29 Jun 2026

The Pharmaceutical Companies Association (Les Entreprises du Médicament, LEEM) has published its 2026 360° barometer on France’s attractiveness for medicines, presenting access to innovation as part of a wider assessment of the country’s position in pharmaceutical research, production and investment.

The report was prepared by PwC Strategy& for LEEM. It brings together indicators on medicines access, clinical-trial activity, industrial production, employment and export performance. The access section draws on the same availability and delay data used in the 2025 EFPIA Patients WAIT Indicator, but LEEM places those figures within a France-specific argument on the conditions shaping launch priority and investment.

The France–Germany comparison carries much of the access message. LEEM reports that 60% of new medicines are accessible and reimbursable in France, compared with 93% in Germany. Median access time is given as 520 days in France and 56 days in Germany. These are the same headline figures as those reported for France and Germany in the latest WAIT analysis, while LEEM uses them to support a broader diagnosis of the French market environment.

LEEM links the French position to the length of pricing and reimbursement negotiations and to the way value is recognised for innovative medicines. Its proposed responses include faster negotiations, removal of blockages affecting orphan and innovative medicines, consolidation of early access, and more consistent evaluation.

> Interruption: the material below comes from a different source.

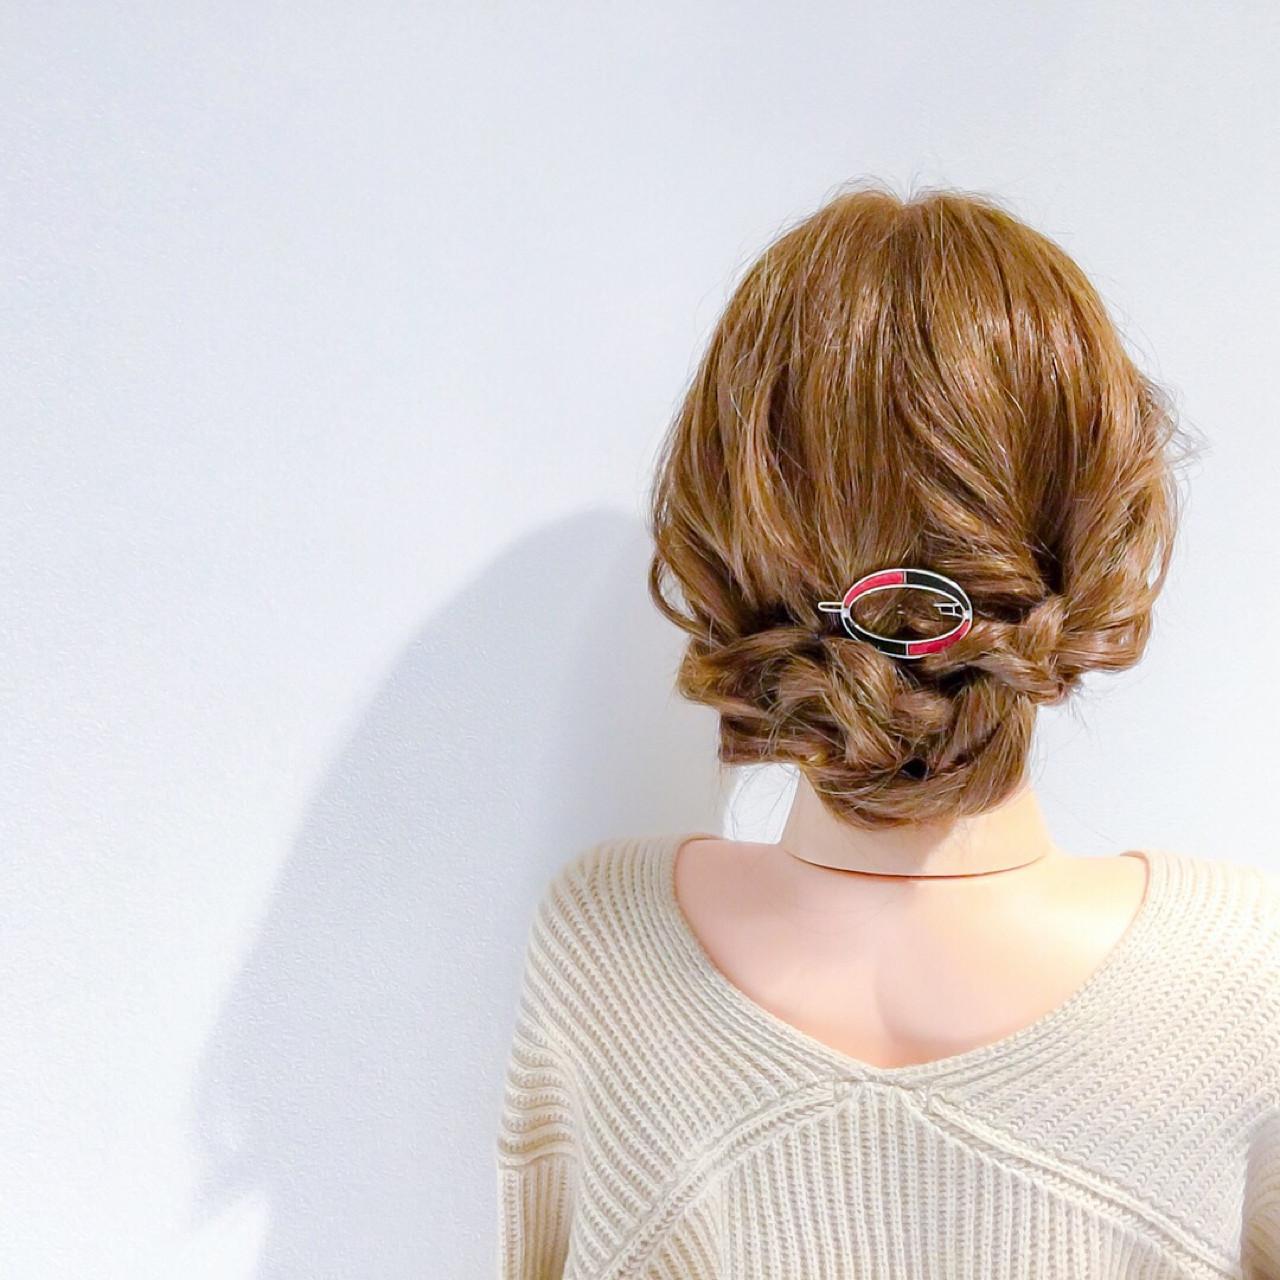 アウトドア 結婚式 フェミニン ヘアアレンジ ヘアスタイルや髪型の写真・画像 | 美容師HIRO/Amoute代表 / Amoute/アムティ
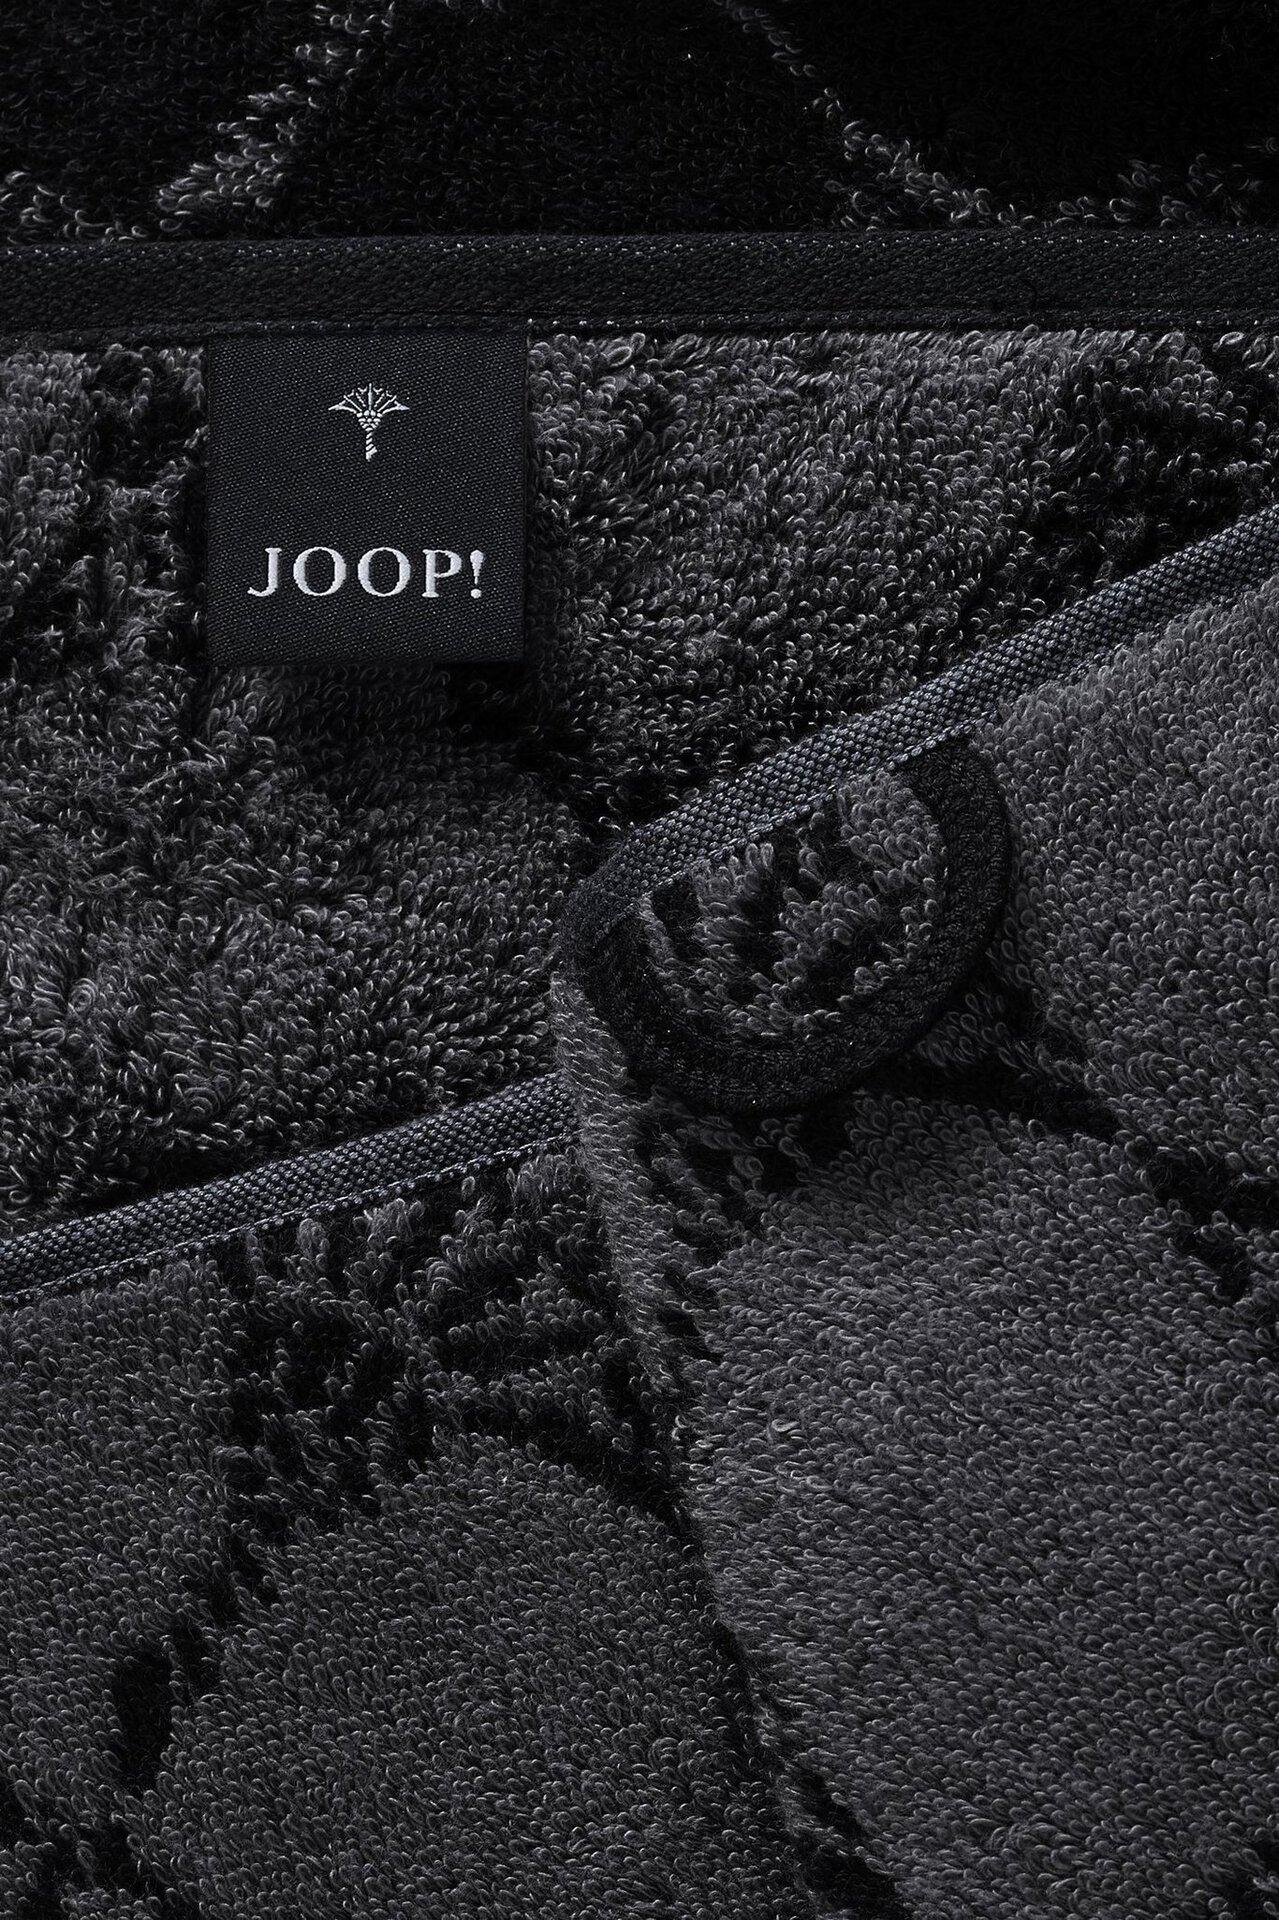 Saunatuch Classic Joop! Textil 80 x 200 cm

Early access is treated as one of France’s compensating mechanisms, but with uneven use. LEEM reports that fewer than one in two medicines had an early-access request in 2025. The figure limits any simple reading of early access as a general offset to slower permanent reimbursement, particularly for products that do not enter that route before full pricing and reimbursement negotiation.

The access indicators sit alongside wider competitiveness measures. LEEM points to international competition in clinical research, gives Europe’s share of new clinical trials as 20%, and frames France’s position as dependent on both faster access conditions and a more predictable environment for research and production.

The report adds weight to the current framework-agreement negotiation between the Economic Committee for Health Products (Comité économique des produits de santé, CEPS) and medicines companies. By placing WAIT access metrics within a broader attractiveness barometer, LEEM ties reimbursement delay to the same policy discussion as clinical-trial location, production investment and France’s ability to remain a priority launch market.

Source: Pharmaceutical Companies Association, LEEM

Link: Baromètre 360° de l’attractivité de la France pour l’industrie pharmaceutique - Edition 2026 : Accès aux traitements, progrès thérapeutique, attractivité de la France : reprendre l’avantage ou décrocher ? (360° barometer of France’s attractiveness for the pharmaceutical industry - 2026 edition: Access to treatments, therapeutic progress, France’s attractiveness: regain the advantage or fall behind?)